Your goal ▸ Down to the last line, set down the material below exactly, excluding pictures.

Exercise data ▸

──────────────────────────────

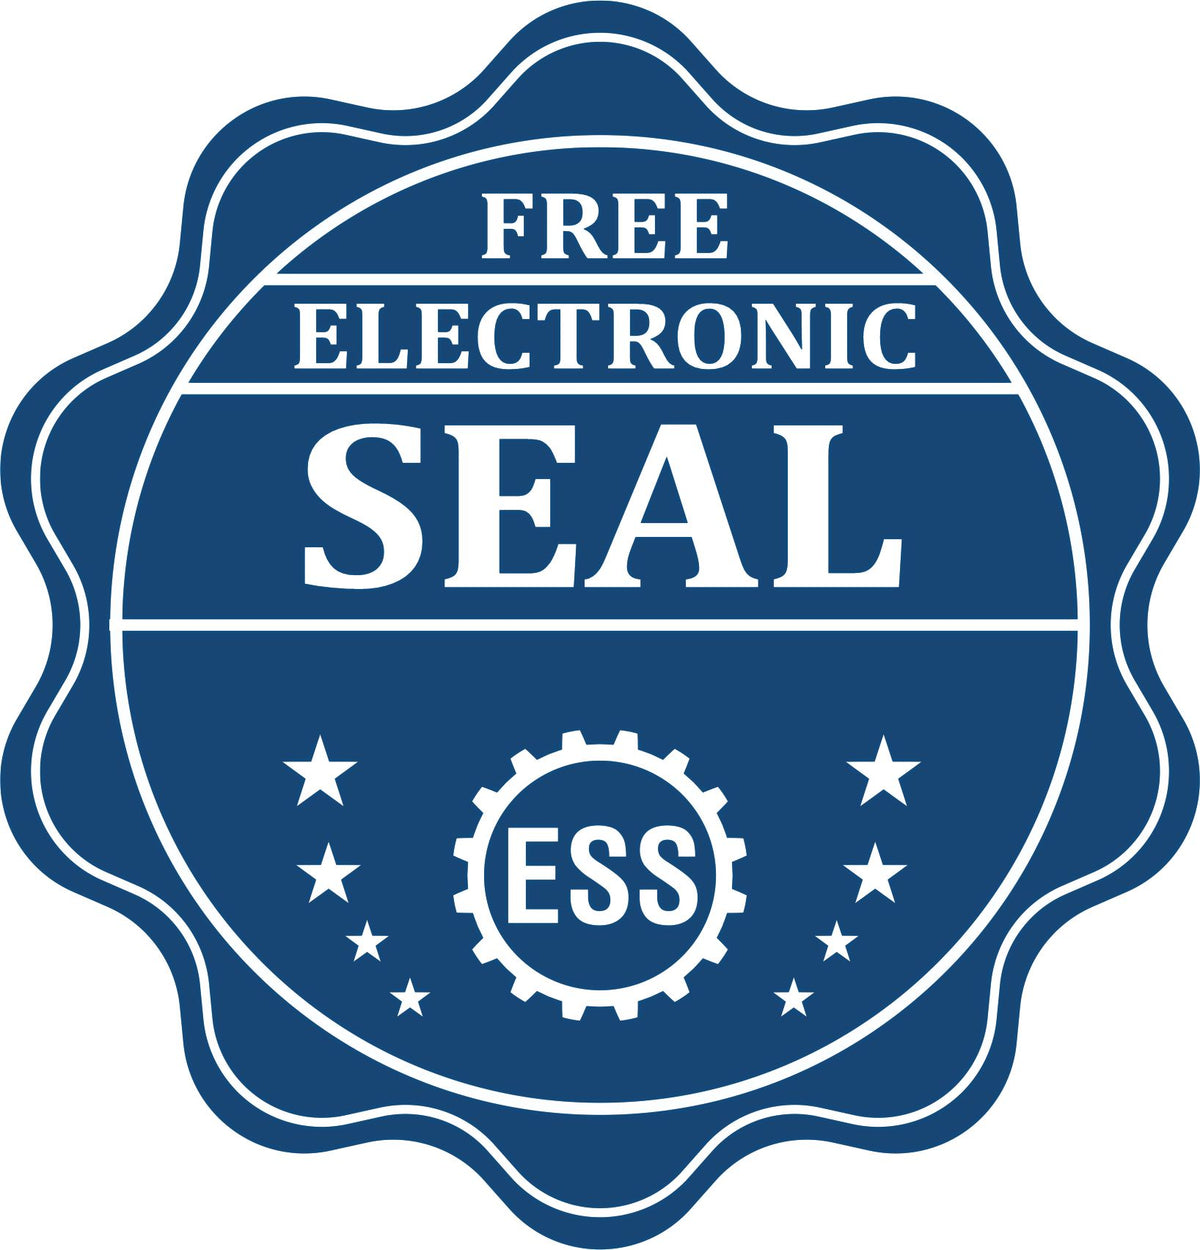 A badge showing a free electronic seal for the Extended Long Reach Missouri Surveyor Embosser with stars and the ESS gear on the emblem.
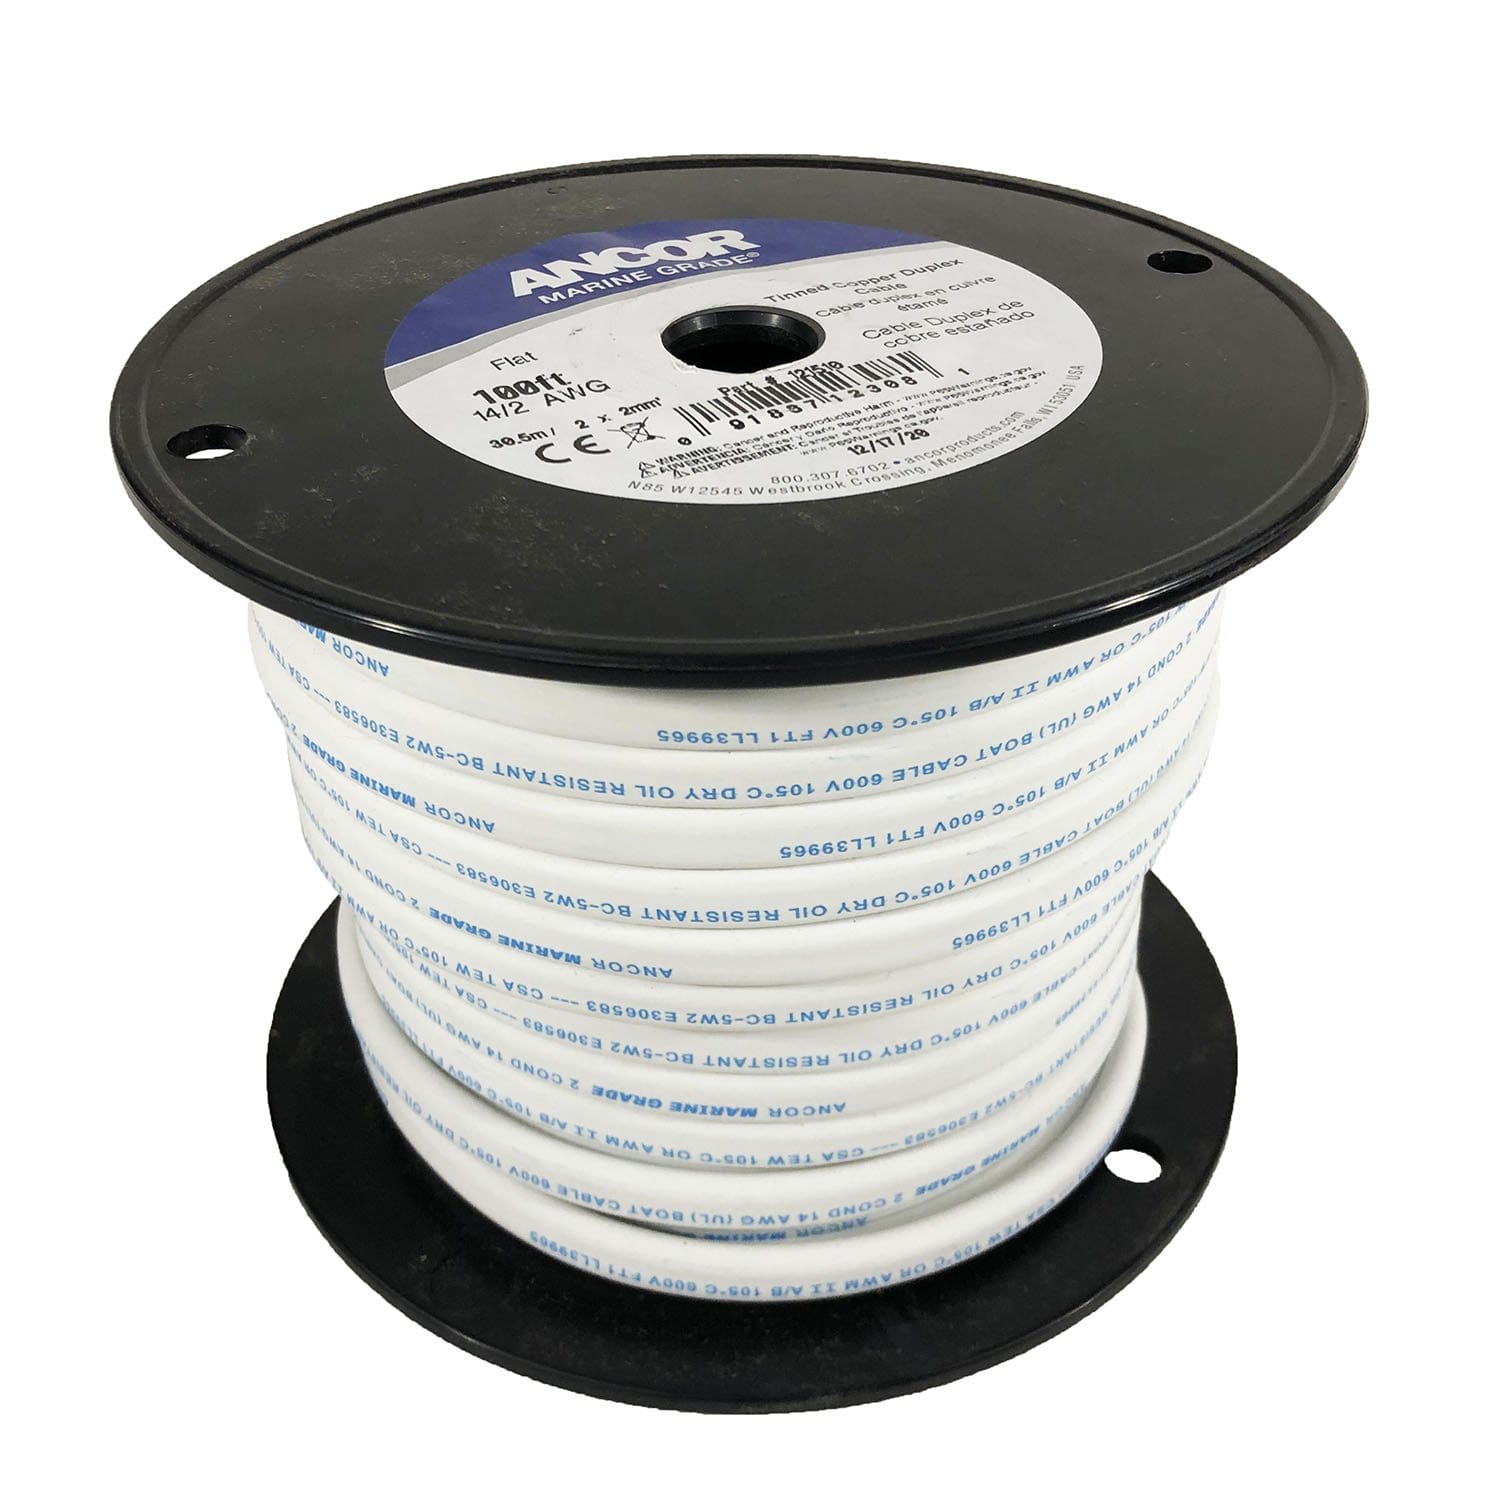 Rylpoint heat tape, Deicing Heating Cable,Pipe (Metal And Plastic) Freeze  Protected Water Pipe Heating Cable
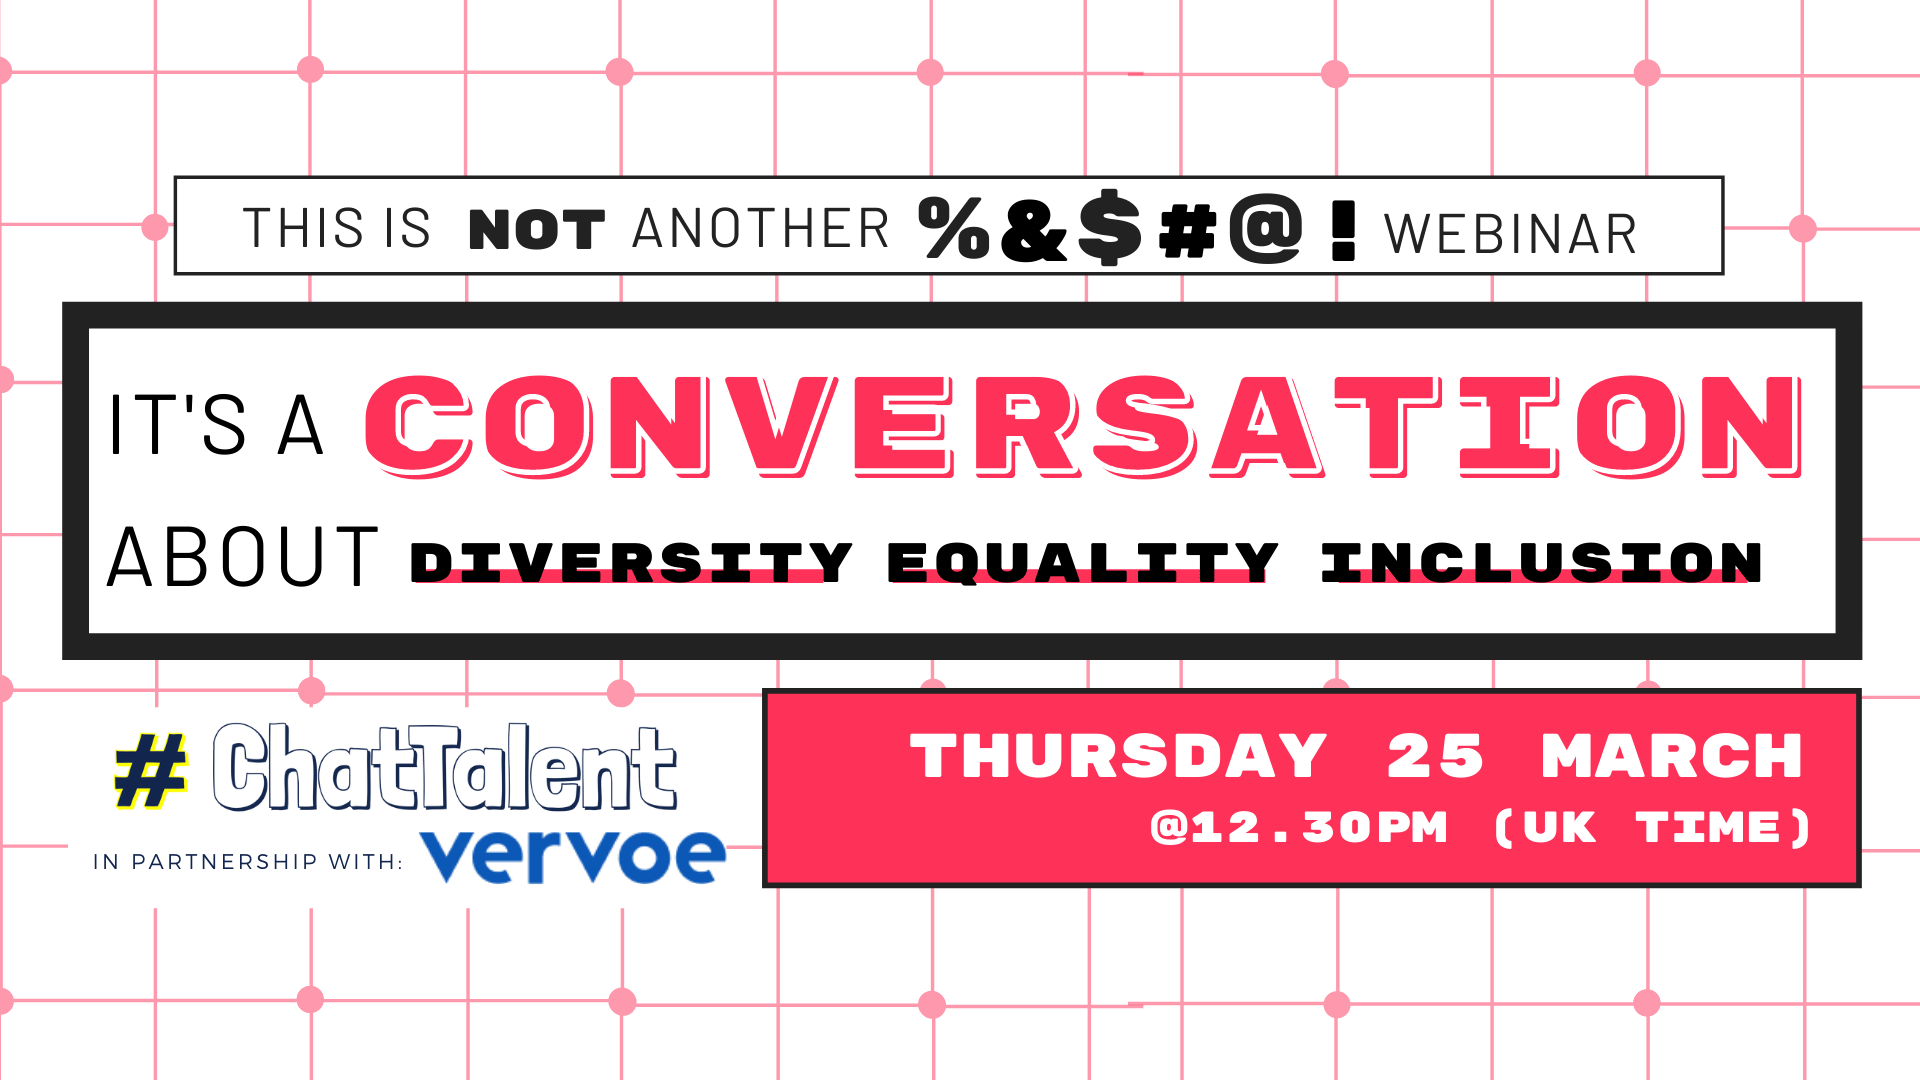 A conversation about Diversity, Equality and Inclusion
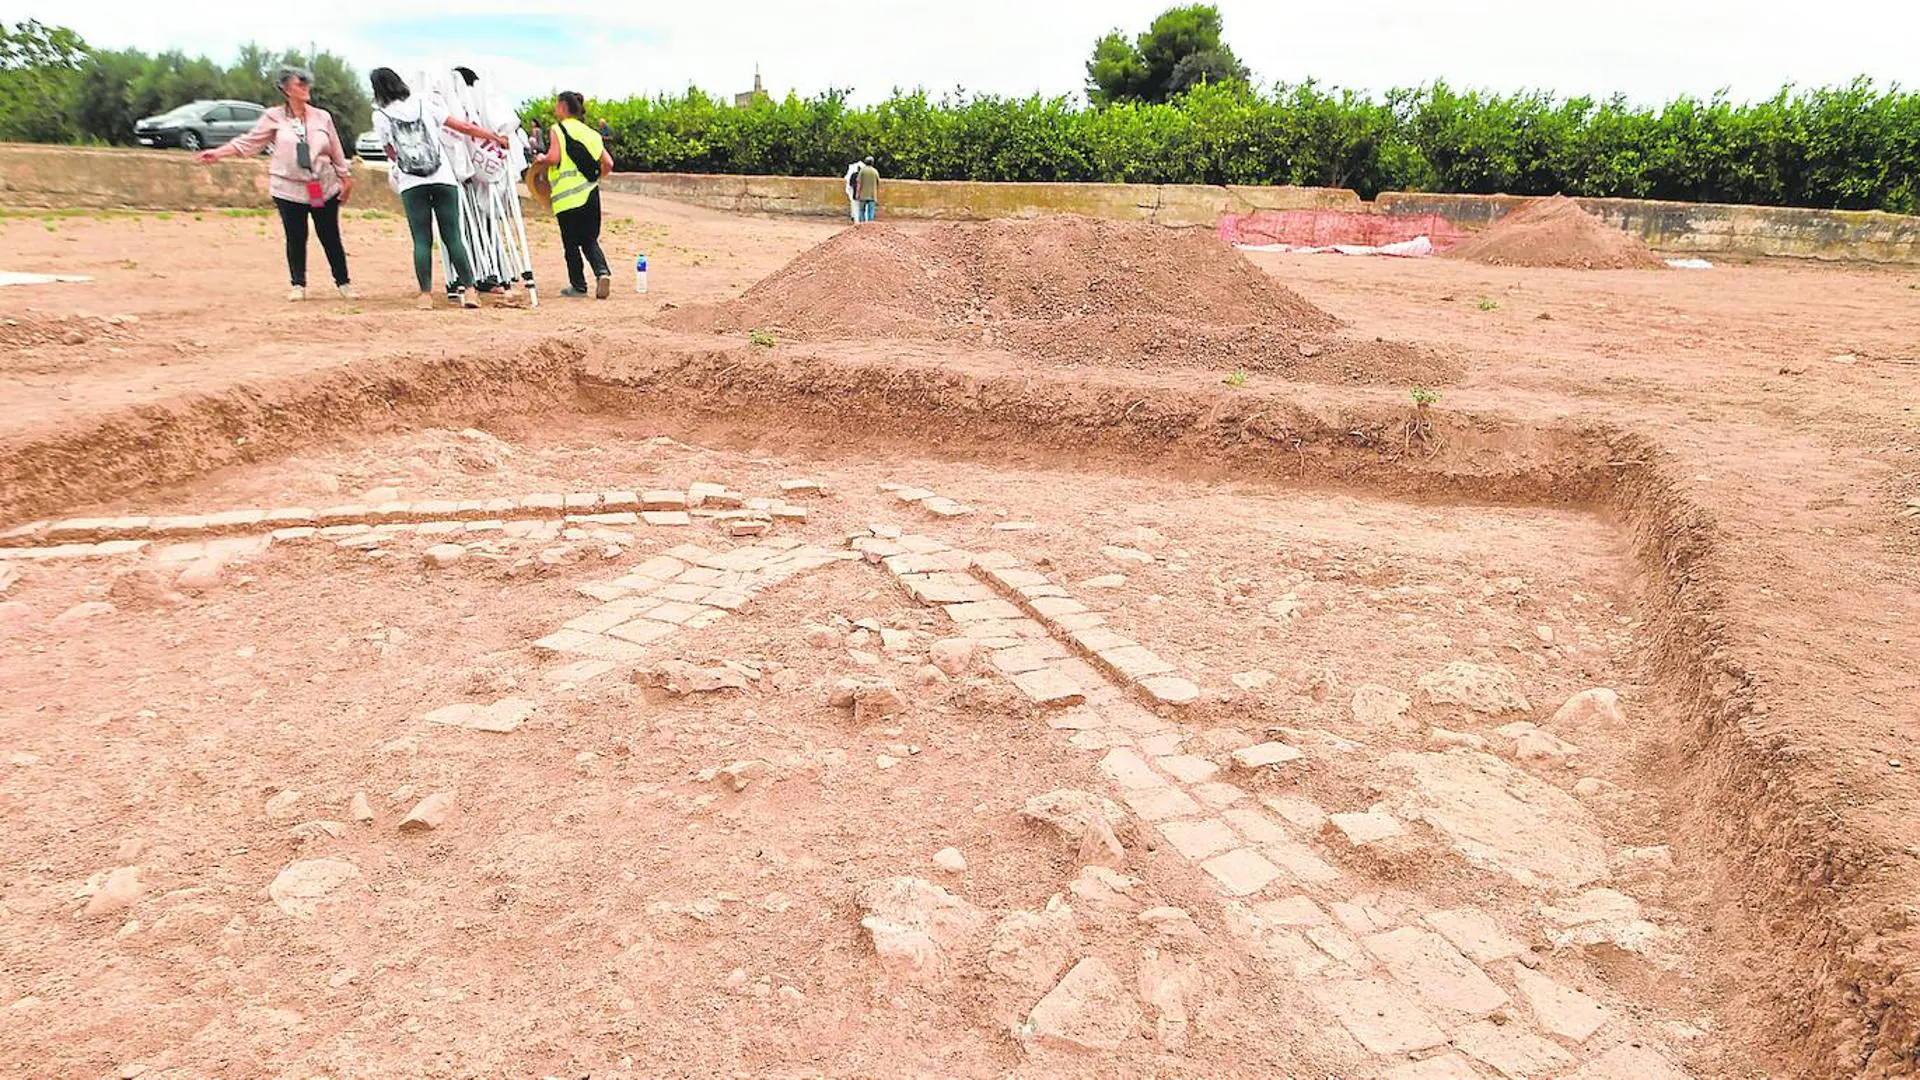 Archaeologists discover an Islamic garden in Murcia in what was believed to be an irrigation pond

──────────────────────────────

Reply ▸
 A badge showing a free electronic seal for the Extended Long Reach Missouri Surveyor Embosser with stars and the ESS gear on the emblem.
 Rylpoint heat tape, Deicing Heating Cable,Pipe (Metal And Plastic) Freeze  Protected Water Pipe Heating Cable
 A conversation about Diversity, Equality and Inclusion
 Archaeologists discover an Islamic garden in Murcia in what was believed to be an irrigation pond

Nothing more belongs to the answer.